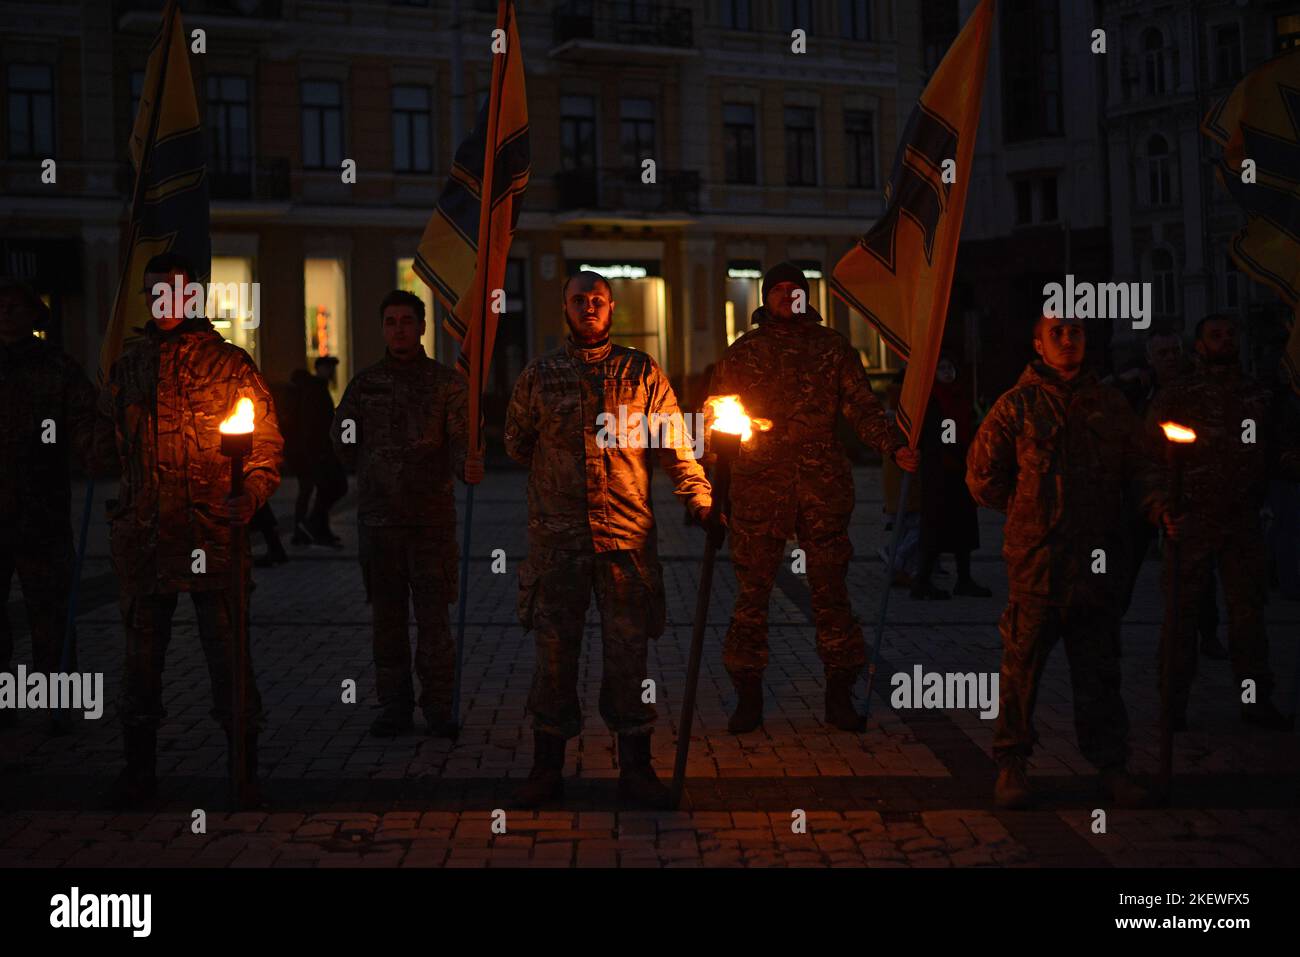 KYIV, UKRAINE - NOVEMBER 13, 2022 - Soldiers of Azov regiment hold flags and burning torches to commemorate their fallen brothers in arms during the Heavenly Regiment of Azov mystery in Sofiyska Square, Kyiv, capital of Ukraine. Stock Photo
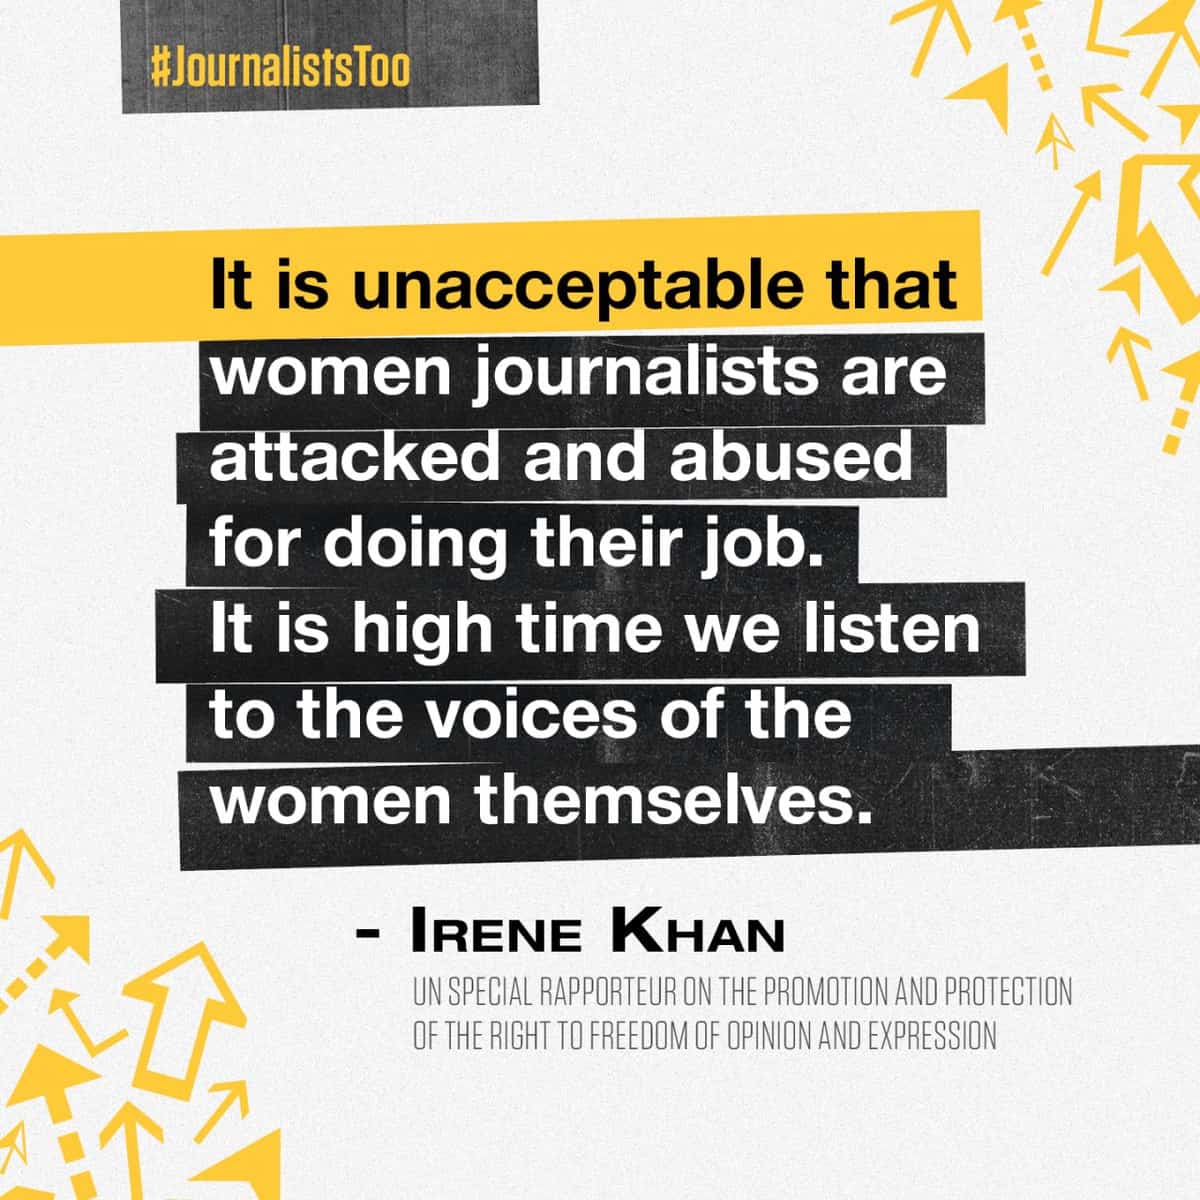 Women journalists face violence and sexualized attacks – UN expert #JournalistsToo  – Women Journalists Speak Out
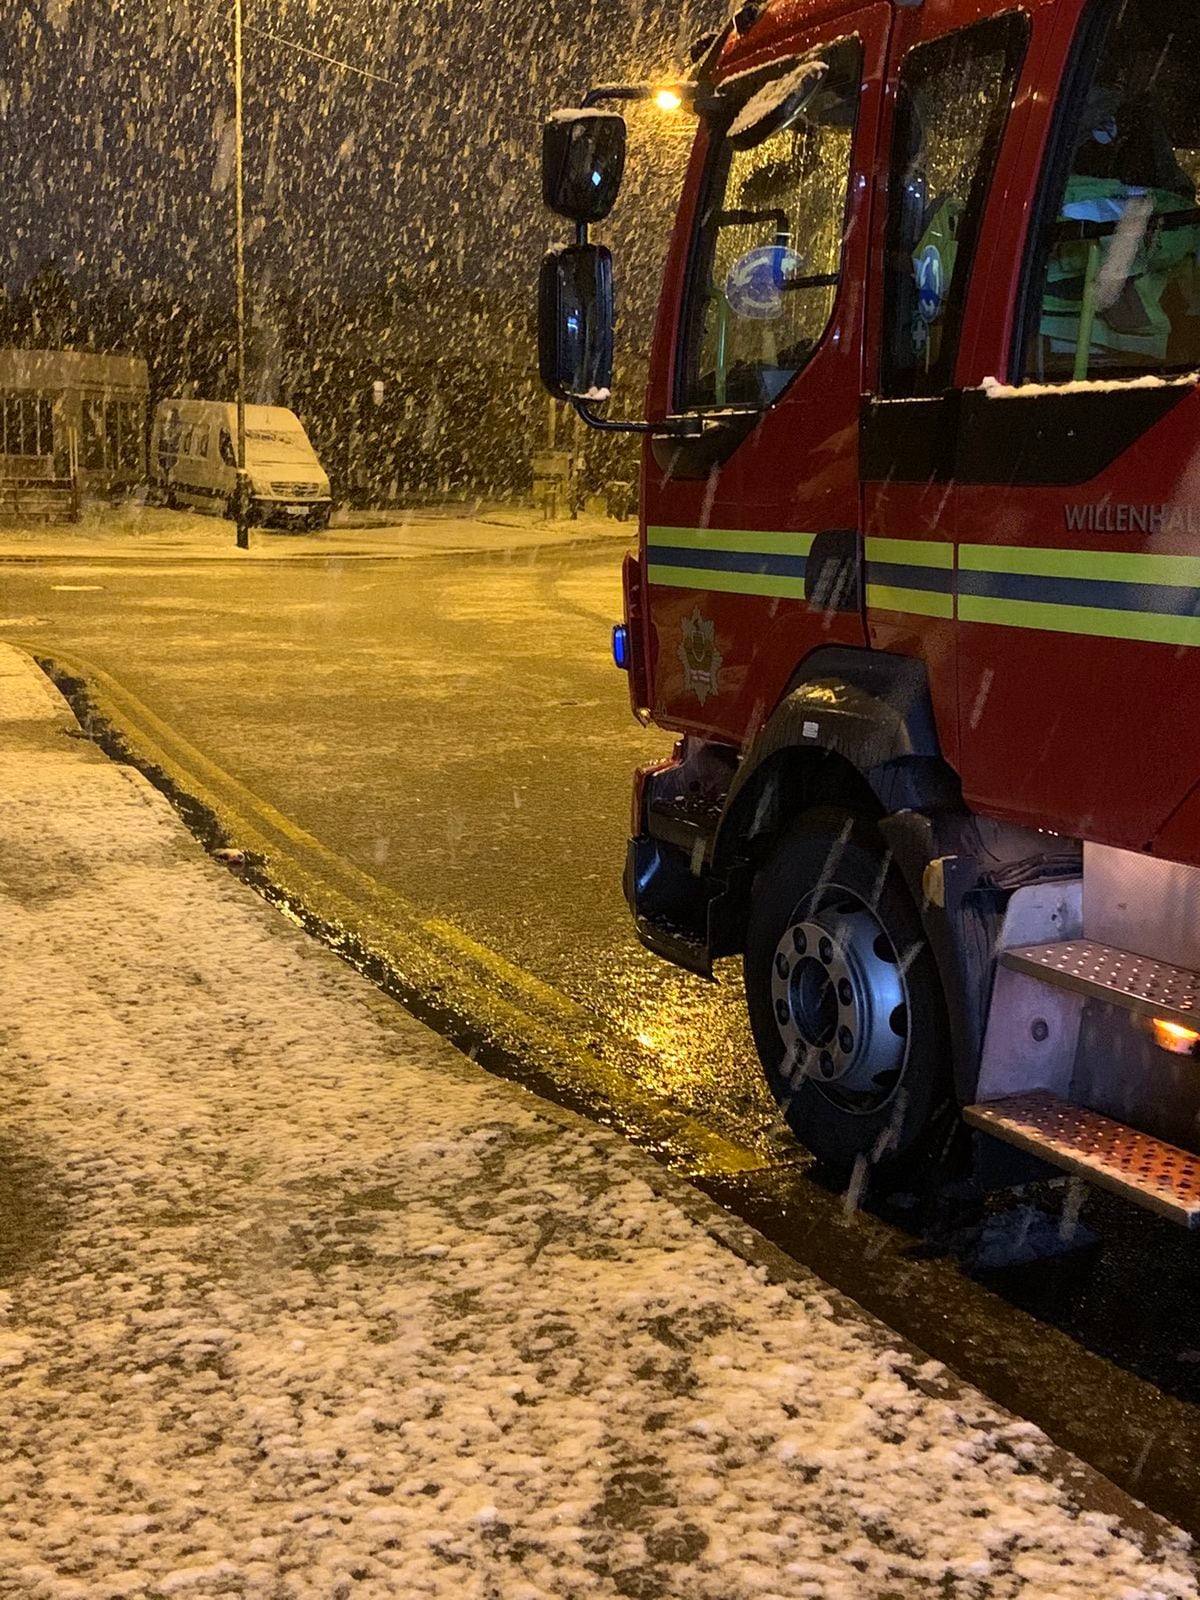 Snow blanketed the Black Country this morning. Photo: Willenhall Fire Station

◆ Exercise requirements: Transcribe all lines above exactly, skipping pictures.

◆ Response:
 KYIV, UKRAINE - NOVEMBER 13, 2022 - Soldiers of Azov regiment hold flags and burning torches to commemorate their fallen brothers in arms during the Heavenly Regiment of Azov mystery in Sofiyska Square, Kyiv, capital of Ukraine. Stock Photo
 Women journalists face violence and sexualized attacks – UN expert #JournalistsToo  – Women Journalists Speak Out
 Snow blanketed the Black Country this morning. Photo: Willenhall Fire Station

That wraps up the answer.